Mas continuando, dessa vez pegamos a ponte certa, a Ponte da Concórdia, e chegamos direitinho no parque. É um parque realmente muitoloco. Como já disse, 2 ilhas fazem parte dele. A de Santa Helena – a maior das duas – é onde fica o espaço para shows e o La Ronde, um enorme parque de diversões com uma imensa montanha-russa. É onde fica também a Biosfera e o parque aquático. A de Notre Dame, onde estacionamos, é onde fica a La Plaige (a praia do pessoal daqui, nó, coitados…) e o autódromo. entre as duas ilhas tem uma ponte para pedestres, claro, pra livre circulação no parque.
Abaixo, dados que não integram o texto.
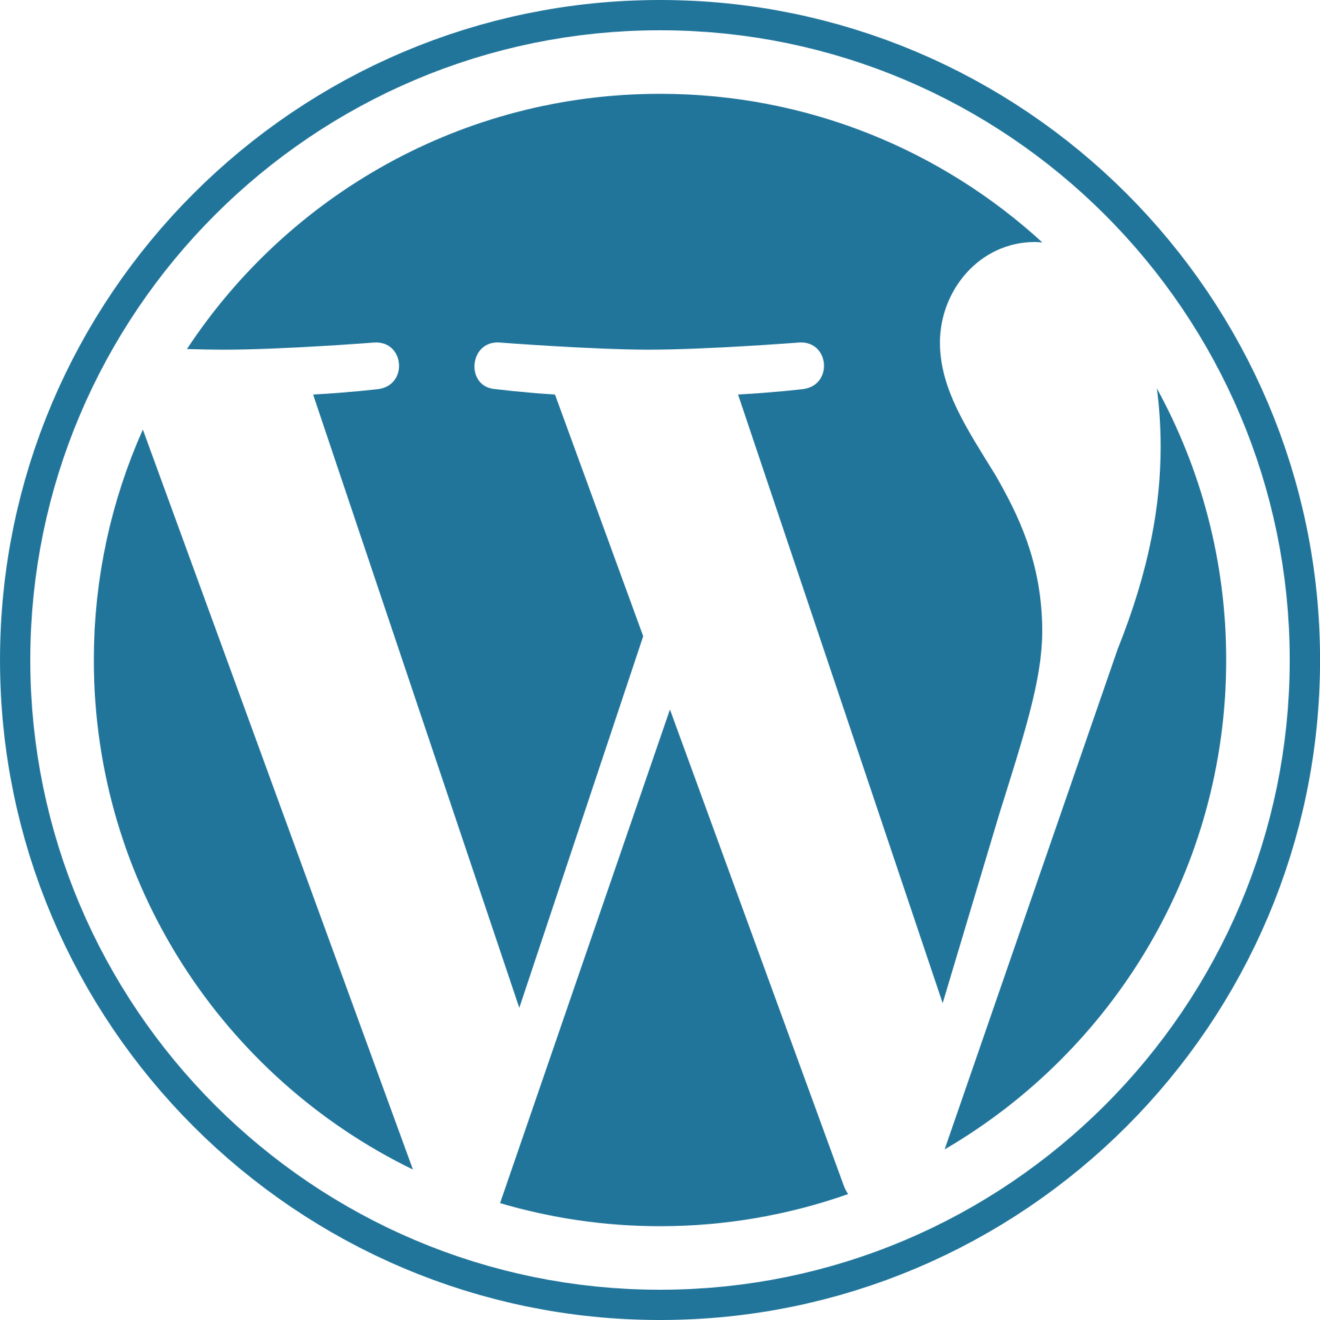 Communications Team Seeks Wordpress Volunteer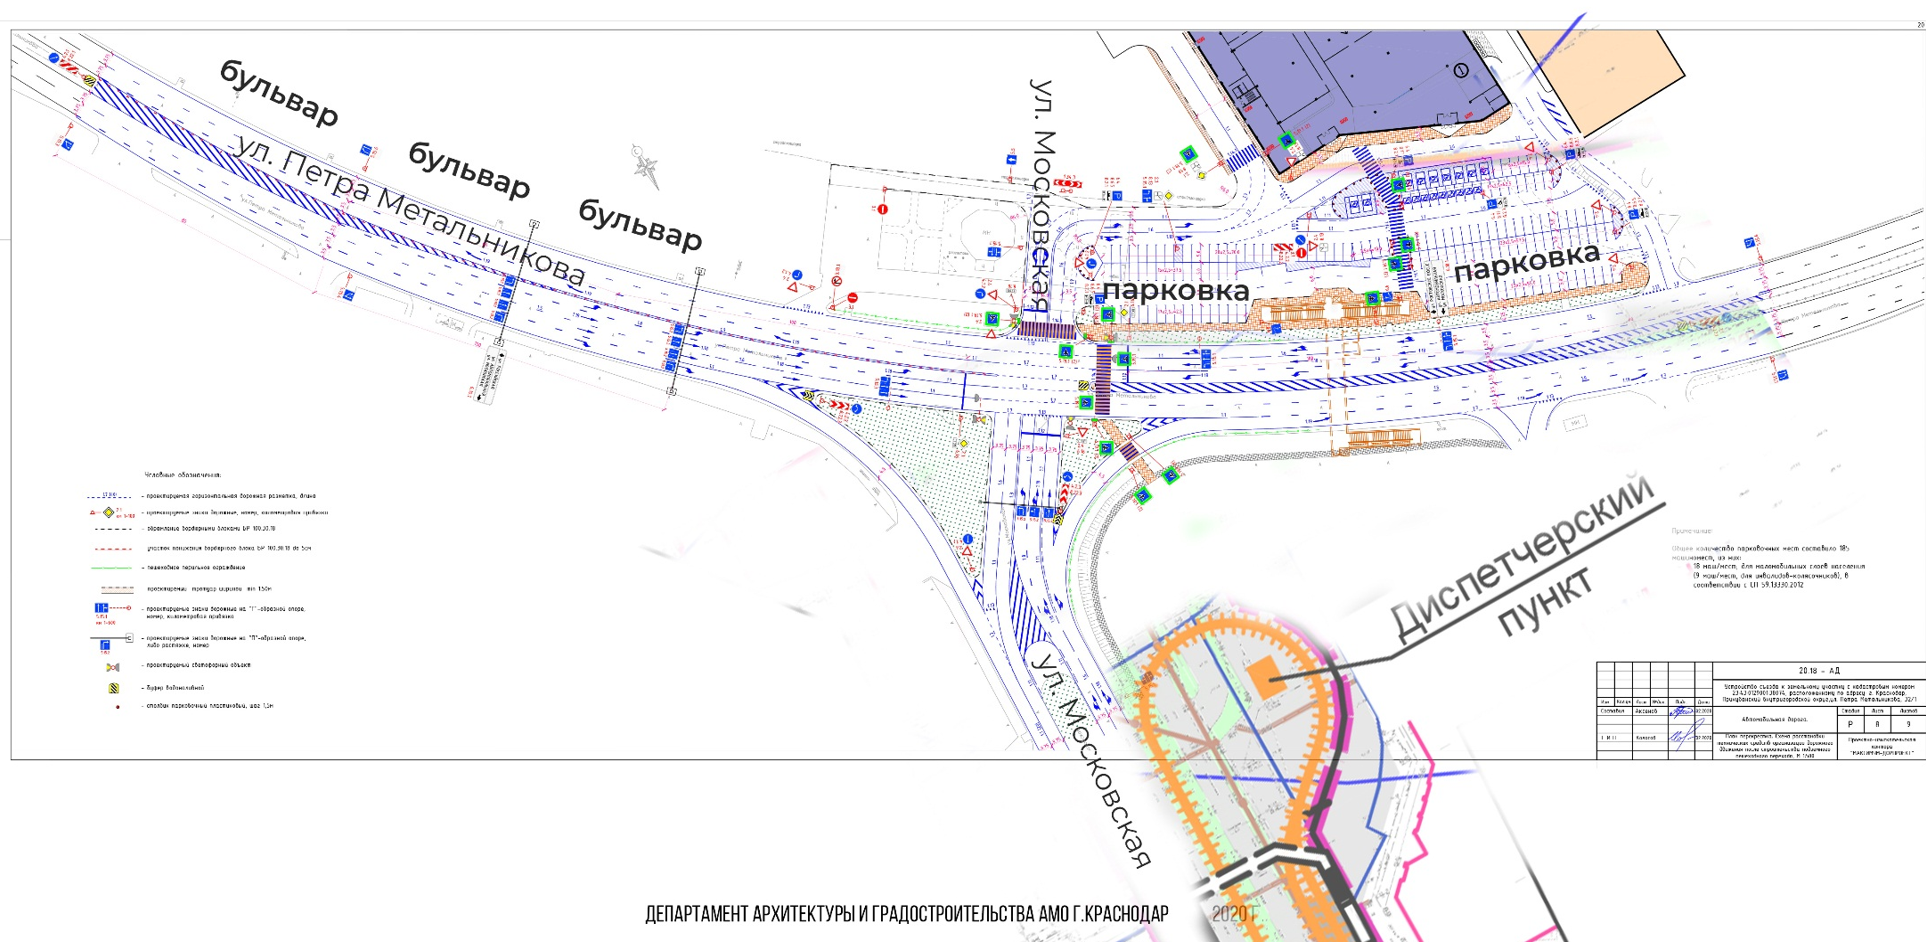 Для новой трамвайной линии в Краснодаре построят перехватывающую парковку

Logo que chegamos já caimos na pista do autódromo! É muito doido, eu achei que a gente poderia ver e até eventualmente entrar no autódromo, mas não que obrigatoriamente já entraríamos direto nele. E foi de cara a primeira diversão, a Nívea tomando a bandeirada da vitória!!

Depois paramos o carro e fomos explorar. Descobrimos que estávamos no local errado pra quem queria fazer um piquenique, aquele lado era pra quem queria pedalar ou patinar no asfalto impecável do autódromo, ou se divertir na “praia”. Logo descobrimos que a gente deveria ir até a outra ilha pra poder achar um lugar tanquilo e sombreado para nosso piquenique. Sem estress, seguimos caminhando até a outra ilha. Estava tendo um evento maluco tipo dia das Crianças. Como jádisse em outro post, o verão aqui é muito aprioveitado, e todo dia é dia de alguma festividade, não seria diferente naquele Domingão. Não foi difícil acharmos uma mesa, na verdade tivemos muita sorte, pois o parque estava abarrotado de gente.
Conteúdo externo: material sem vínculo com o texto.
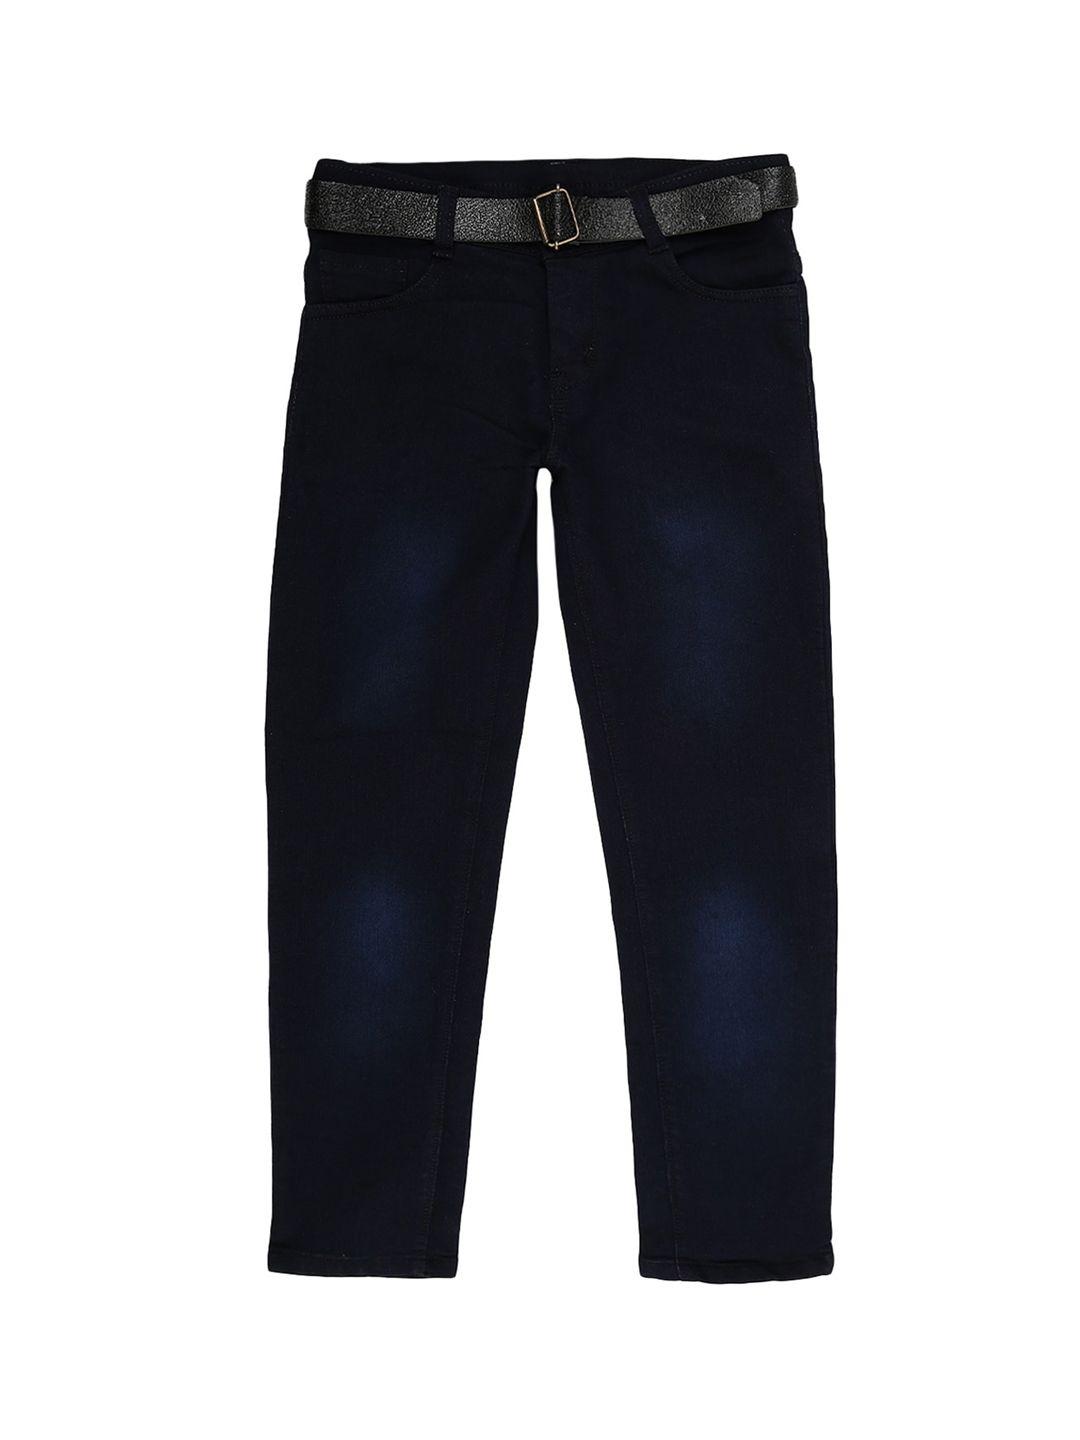 v-mart boys navy blue light fade mid rise jeans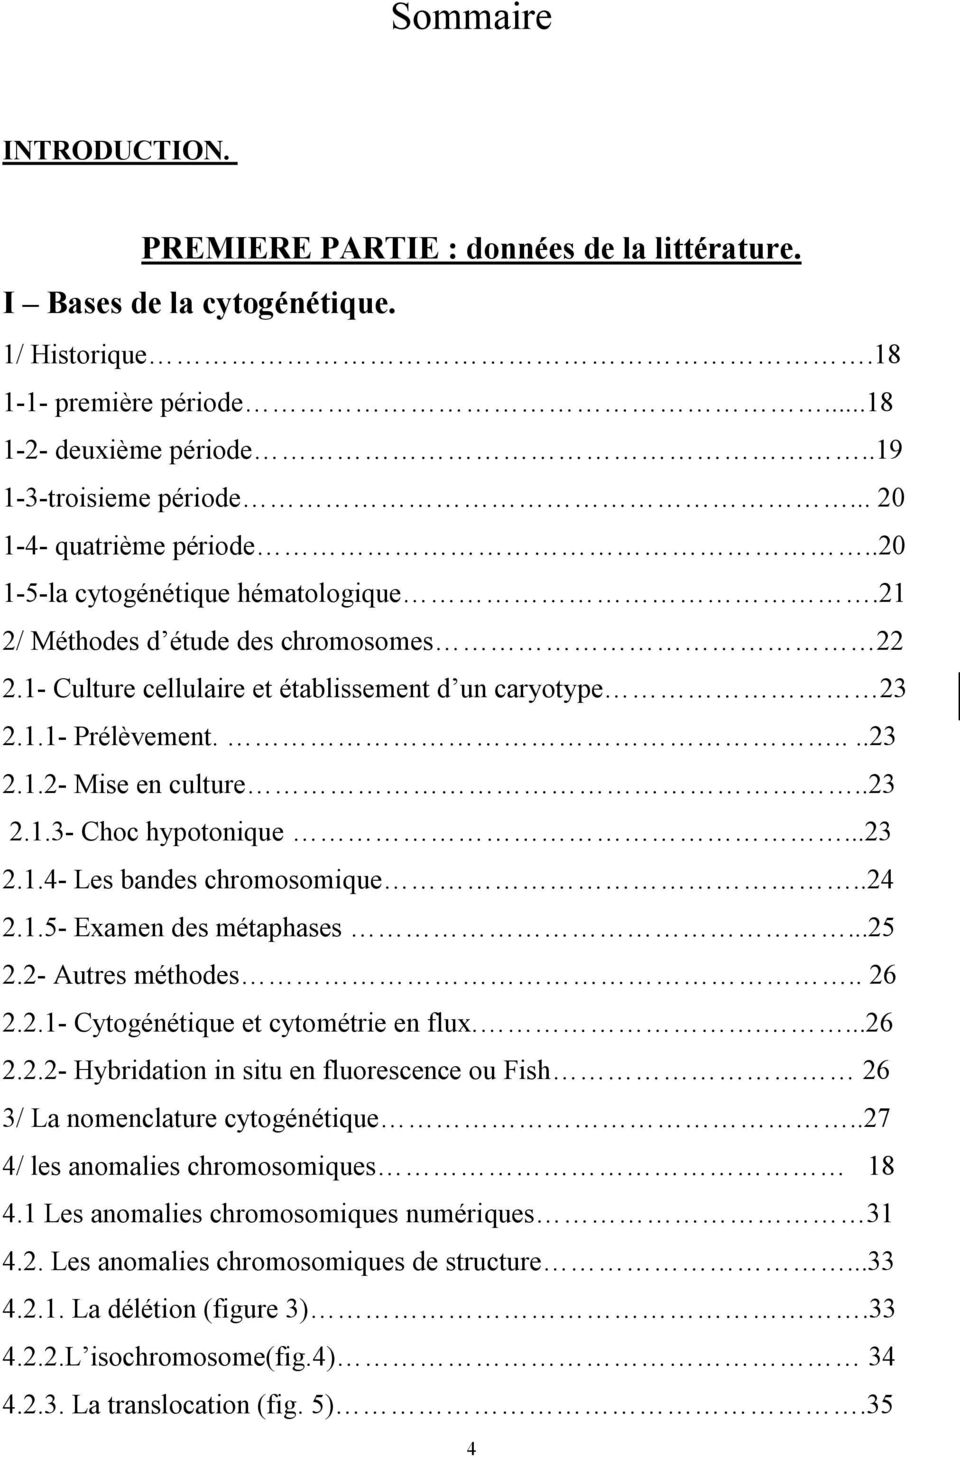 .23 2.1.3- Choc hypotonique...23 2.1.4- Les bandes chromosomique..24 2.1.5- Examen des métaphases...25 2.2- Autres méthodes.. 26 2.2.1- Cytogénétique et cytométrie en flux.....26 2.2.2- Hybridation in situ en fluorescence ou Fish 26 3/ La nomenclature cytogénétique.

Depois do lanche fomos caminhar. As áreas de atividades estavam tomadas por crianças alucinadas, e foi então que nos embrenhamos no bosque. Seguindo as trilhas que levavam ladeira acima, acamamos encontando uma torre de pedra bastante convidativa, e quando chegamos ao topo, que belezura pura: um excelente mirante de onde se vê todo centro da cidade, o autódromo, a biosfera…. muito promissor, apesar de eu ter tirado algumas fotos, certamente voltarei lá mais equipado para fazer fotos mais interessantes, em horários mais propícios. Por enquanto já tirei umas fotas legaizinhas, mas ainda não foram “reveladas”, fica pra um outro post.
É isso aí, esse sim foi um final de semana de descanso!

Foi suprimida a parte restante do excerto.